Drivers included fading confidence in tax reform, North Korean missile tests, Sunday's first-round French election and a spate of weak U.S. economic data including March housing starts reported on Tuesday.

• "The unwind of this trade is painful to all funds who sold Treasuries vs buying stocks and now don't know what to do," said Michael Franzese, trader at MCAP

• Yields declined concurrently with U.S. equity benchmarks following Guardian report that U.S. military is considering shooting down North Korean missile tests; UST futures volumes surged as Monday's highs for June TY contract were exceeded, with nearly 52k contracts traded over 10 minutes at 11:30am EDT

• Below 2.177 percent, 10Y may find yield support at 2.1325 percent (38.2 percent retracement of its selloff from post-Brexit lows on July 9 to its 2016 high on Dec. 15), then at 2.068 percent (61.8 percent retracement of Nov. 9-Dec. 15 selloff)

• UST yields declined concurrently with U.K. gilt yields during European trading, when the U.K. 10Y yield traded under 1 percent for the first time since October before rebounding with the pound following Prime Minister May's call for an early general election in June

• Treasury yields briefly stabilized as gilt yields rebounded, then resumed their declines; U.S. 10Y and 30Y yield spreads vs U.K. counterparts narrowed, with the 10Y spread approaching lowest level since mid-February

• Gains for Treasuries have pushed various momentum measures to levels strategists called overbought, suggesting that additional yield declines will be hard-won

• Citigroup's price momentum studies "are deeply overbought in rates — a sign in our view that a lot of the post-election shorts have covered these past few months," strategist William O'Donnell said in note; still "under the right conditions the 2017 bull trend could continue"

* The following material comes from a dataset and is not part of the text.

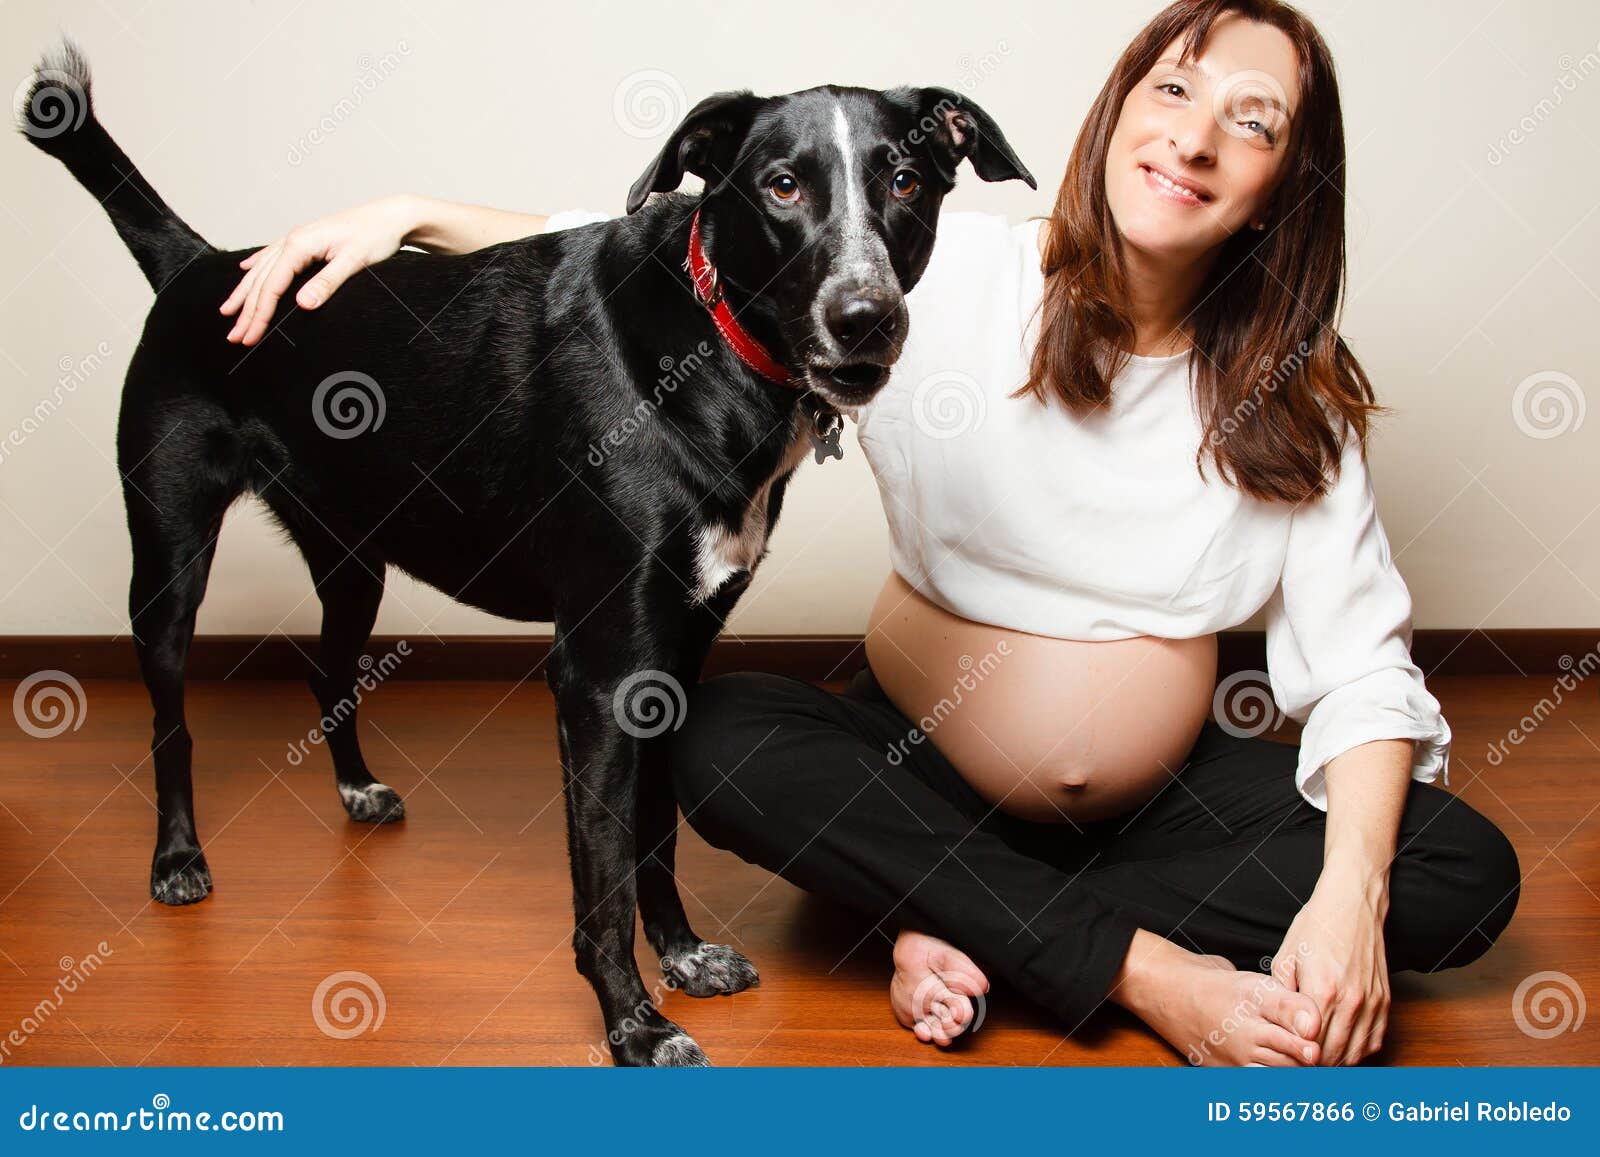 狗狗懷孕有什麼特徵以及該注意哪些事項？|搖滾尾巴
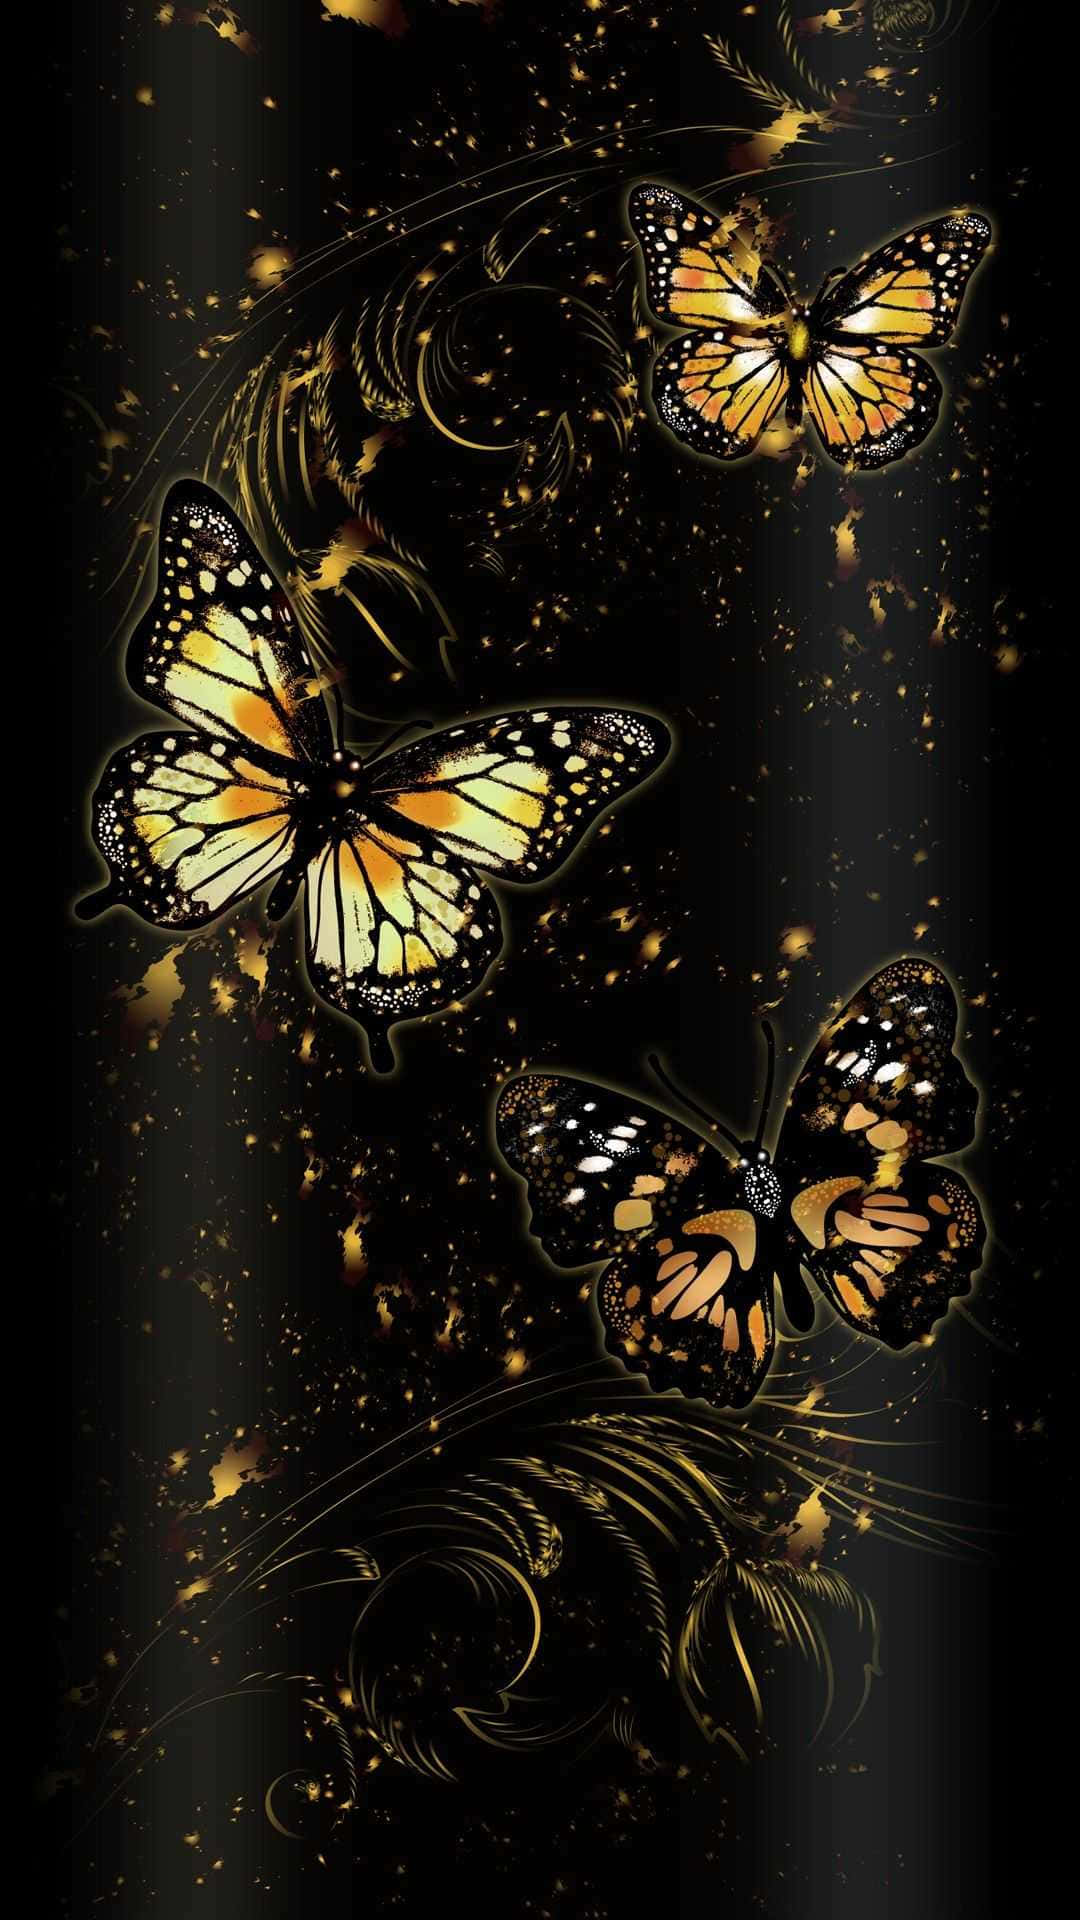 Umaborboleta Colorida Com Brilho E Asas Cintilantes. Papel de Parede

• JPMorgan's weekly Treasury Client Survey found fewer shorts among active clients (10 percent versus 30 percent last week), where longs increased to 30 percent from 10 percent, flipping the group back to net long

• Treasuries advanced despite resurgent corporate bond issuance; five issuers were expected to price $11.2b, led by JPMorgan and Citi $benchmarks

• TIPS breakevens fell to fresh YTD lows, 5Y breakeven to 1.75 percent, lowest since Nov. 29, 30Y to 1.99 percent, lowest since U.S. Election Day Nov. 8; Treasury is slated to auction $16b of 5Y TIPS on Thursday.